Disney fails in initial bid to halt Sling TV’s short-term streaming passes

Sling TV has won the first phase of its legal battle with Disney over the streaming service’s short-term pass launched in August. The Dish Network-owned platform began offering daily ($5), weekend ($10) and weekly ($15) passes for its Sling Orange plan, which costs $46 on a monthly basis.

Disney has several channels that are offered through the Sling TV platform, including several ESPN channels and the Disney Channel. It didn’t take too kindly to the new offerings – Disney immediately sued over the short-term live TV passes, as well as filed an emergency request to stop them. As reported cord cutterU.S. District Judge Arun Subramaniam rejected the latter motion after determining that Disney failed to demonstrate “it would suffer irreparable harm” without the court’s immediate intervention.

“Disney has not shown that it has lost customers because of the pass,” Judge Subramanian wrote in an 11-page decision. The Verge“The networks are being delivered in the same ways, on the same platforms, as they always have, but to a broader range of Sling customers,”

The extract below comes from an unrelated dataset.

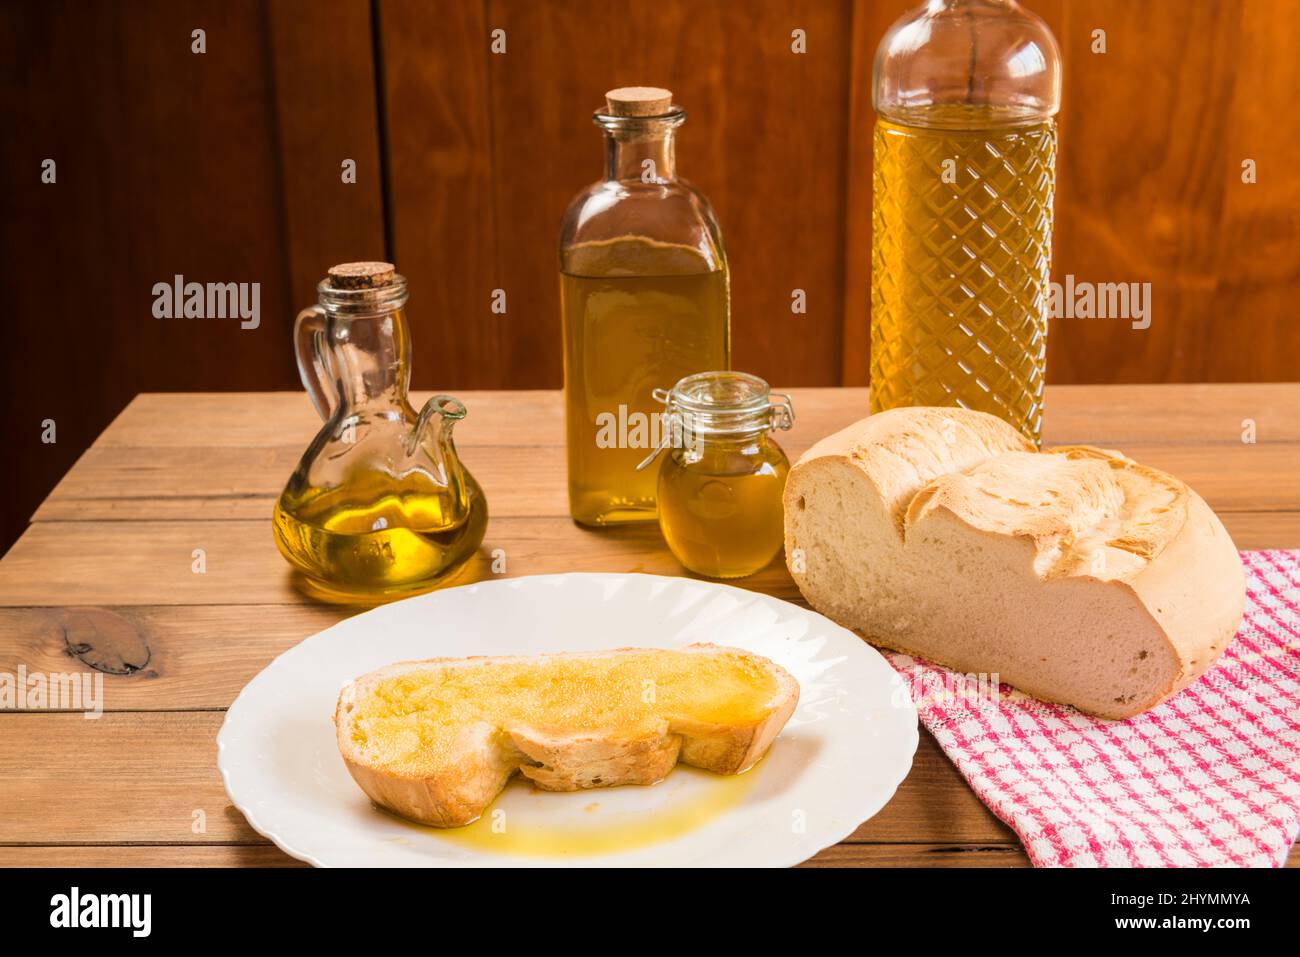 Stillleben einer Scheibe Brot mit nativem Olivenöl extra auf einem weißen Teller, neben Flaschen und Behältern mit Öl gefüllt, auf einem rustikalen Holztisch. Stockfoto

If a viewer only wants to watch a single game (say, a winner-take-all soccer match in which one team scores three extremely sensational goals to take their country to the Men’s World Cup for the first time in 28 years) a viewer may not want to sign up to a streaming service for an entire month. However, Disney claimed that, under its agreement with Sling TV, the platform can only provide access to its channels to traditional subscribers. Under Disney’s interpretation, they are consumers who have a recurring monthly subscription.

Judge Subramaniam dissented, saying that the contract defines a subscriber as “a person knowingly authorized by Dish to receive any level of video programming service or package of programming networks through the Sling platform.” The judge said that, as far as “subscriber”, “no minimum subscription period or other conditions are specified” and that the term refers to any person who is entitled to receive “any level of video programming service or package of programming network”. Judge Subramaniam argued that this “broad definition clearly covers users of the passes at issue in this case.”

Disney also claimed that short-term passes would drive consumers away from its own standalone ESPN streaming service. The company presented evidence in this regard, but Judge Subramanian wrote that the documents “do not show that the passes stole customers from ESPN Unlimited.” The judge further stated that, “If the passes defrauded customers of ESPN Unlimited, Disney has not shown that those losses would not be quantifiable.”

While the short-term passes are still in place (Sling TV is offering $1 passes per day through November 30 to celebrate this initial win), the breach of contract lawsuit filed by Disney will move forward. Justice Subramaniam also noted that the existing agreement between the two parties will expire within the next 12 months and they are ready to start renegotiating the terms soon. So, if Disney wants to ban short-term passes or exclude its networks from them, it could try to eliminate it in contract negotiations.